The application of reactive and preventive maintenance strategies to avert transformer failures and safeguard their operations have shown significant limitations in terms of high operational downtimes, over- and under-maintenance issues, maintenance fatigue and revenue loss.
The recent advancements in machine learning and artificial intelligence have positively altered the machine and equipment maintenance landscape. In this regard, predictive maintenance (PdM), in contrast to the aforementioned maintenance approaches, has laid the foundation for efficient transformer maintenance by accurately identifying incipient failures, localizing the root cause of failures and predicting the remaining useful life (RUL) thereby providing a holistic solution to the existing challenges.
This work proposed a novel Dynamic Multi-Scale Attention Convolutional Neural Network-Long Short-Term Memory (DMSA CNN-LSTM) model architecture and utilized multi-modal data fusion to address shortcomings in anomaly detection, root cause localization and RUL prediction. The significance of this work lies in providing a scalable data driven architecture that dynamically selects the most vital features across different scales (short-term and long-term) to captured intricate details especially in situations where the feature importance varies with respect to time.

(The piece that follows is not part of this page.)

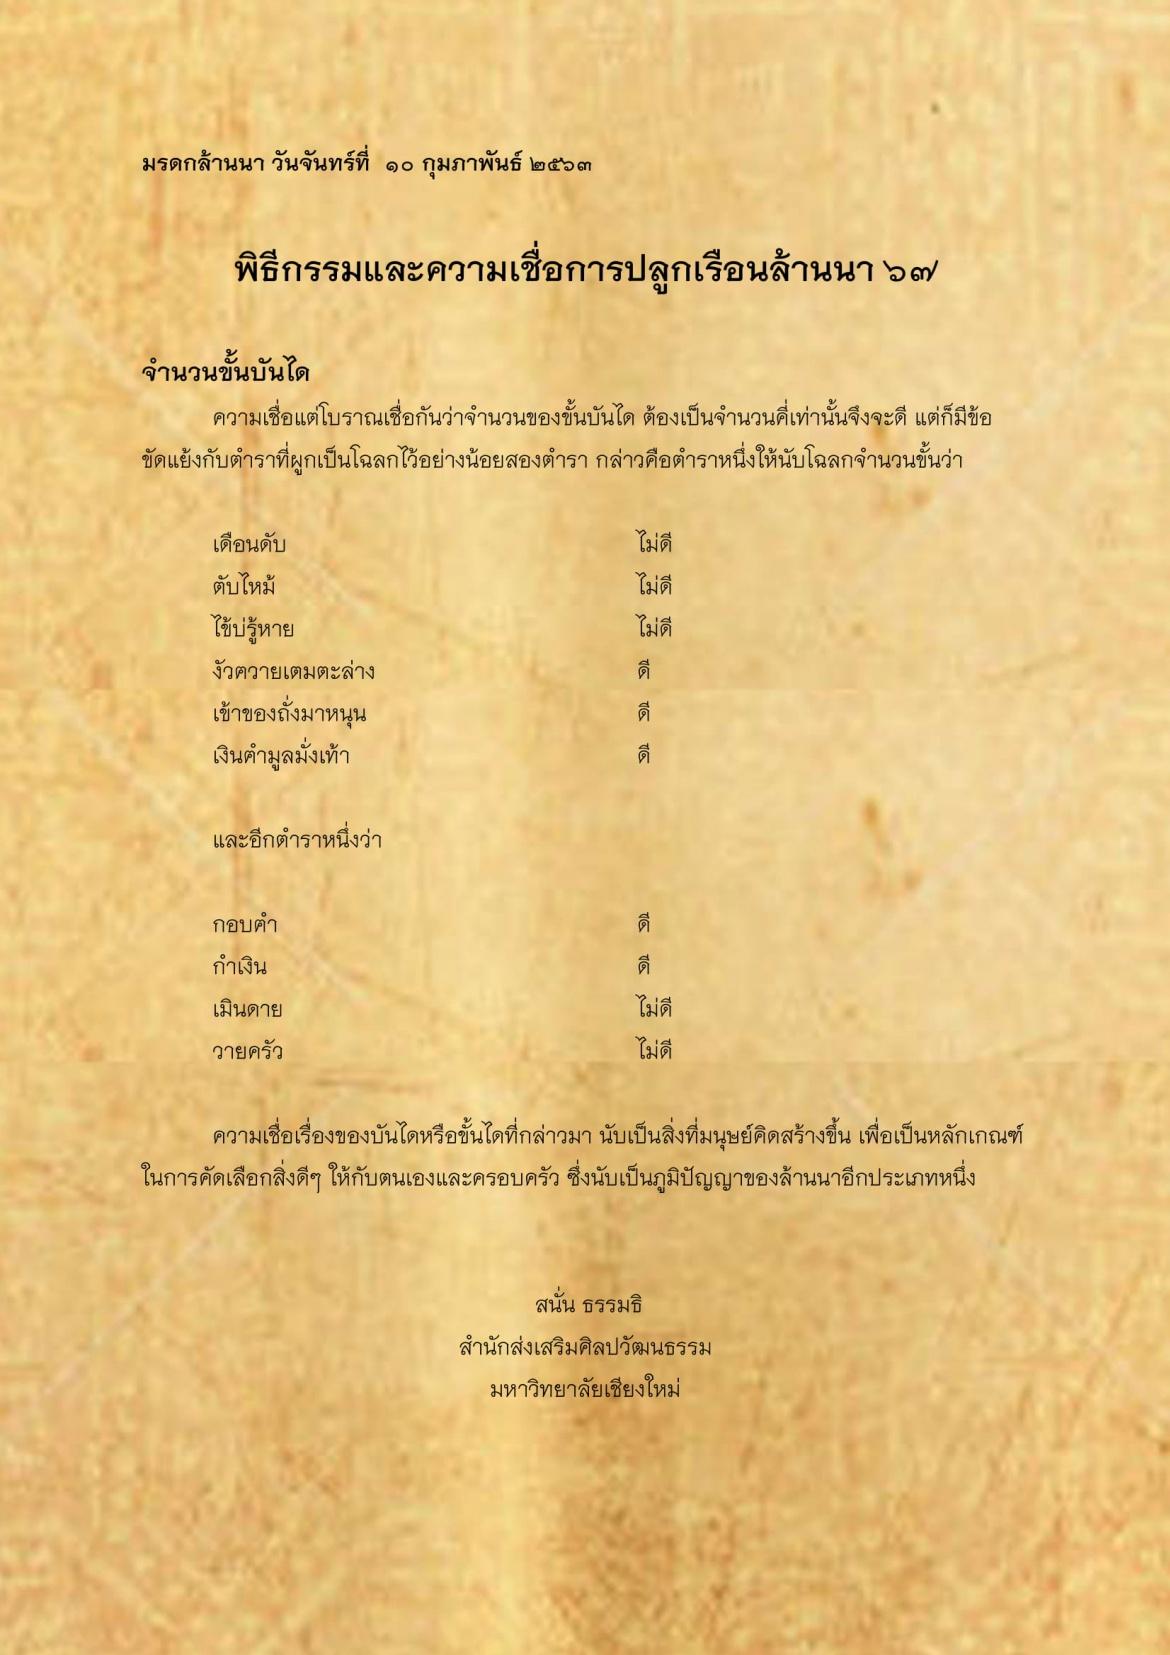 พิธีกรรมเเละความเชื่อการปลูกเรือนล้านนา(67) - 10 กุมภาพันธ์ 2563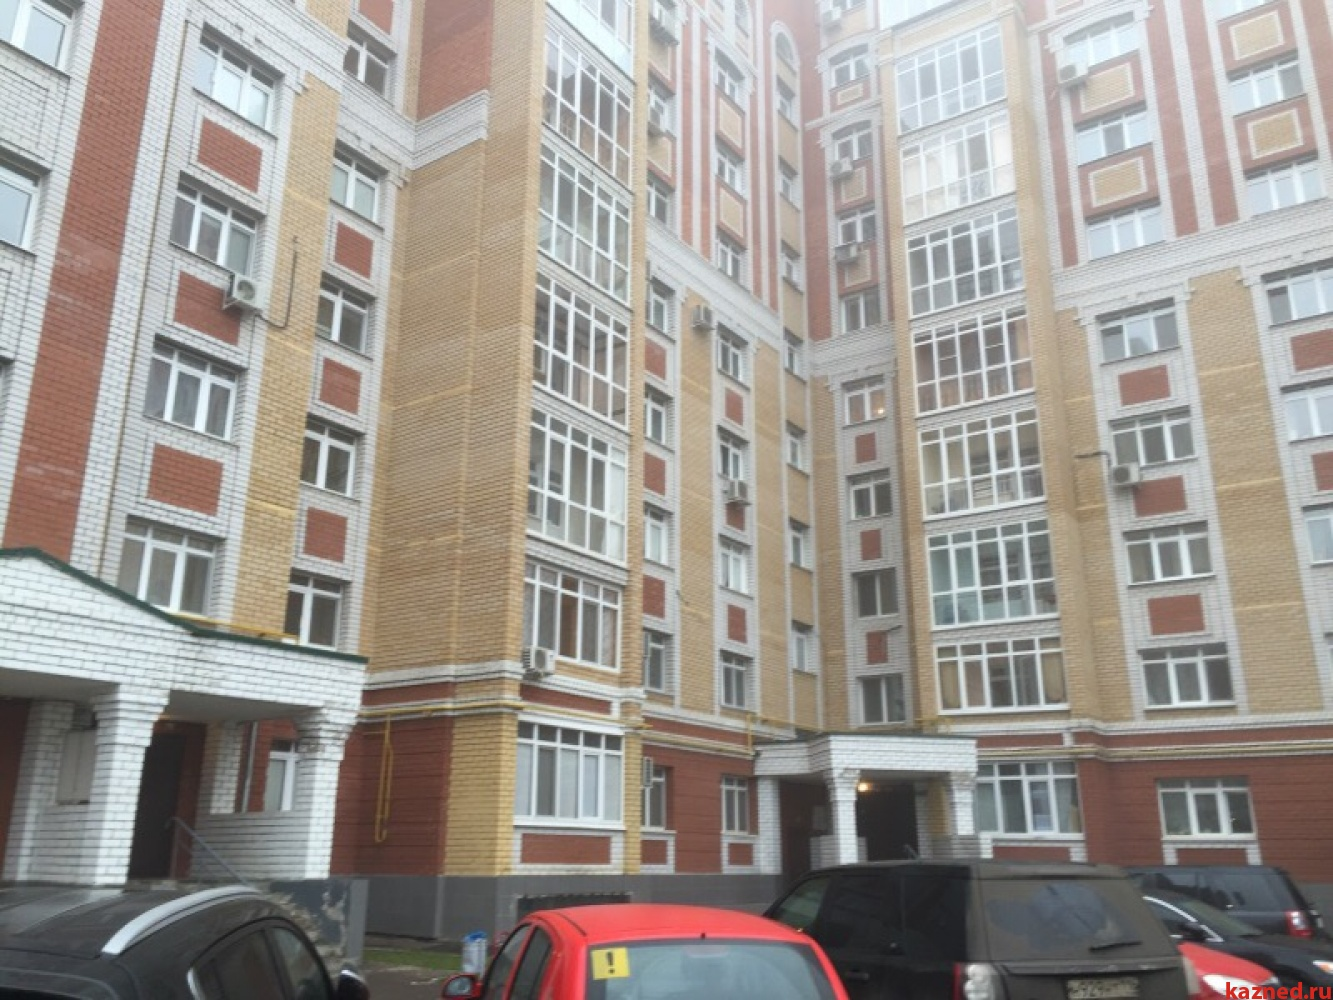 Продажа 1-к квартиры кариева дом 5, 45 м²  (миниатюра №19)

This is suitable for real time deployment and aligns well with the big data landscape in providing predictive solutions for transformers at a higher performance and efficiency. Therefore, this approach leveraged on the combination of deep neural networks to provide a comprehensive diagnostic and prognostic approach to mitigate transformer faults and breakdowns thereby bolstering asset management, revenue and reliable power distribution to customers.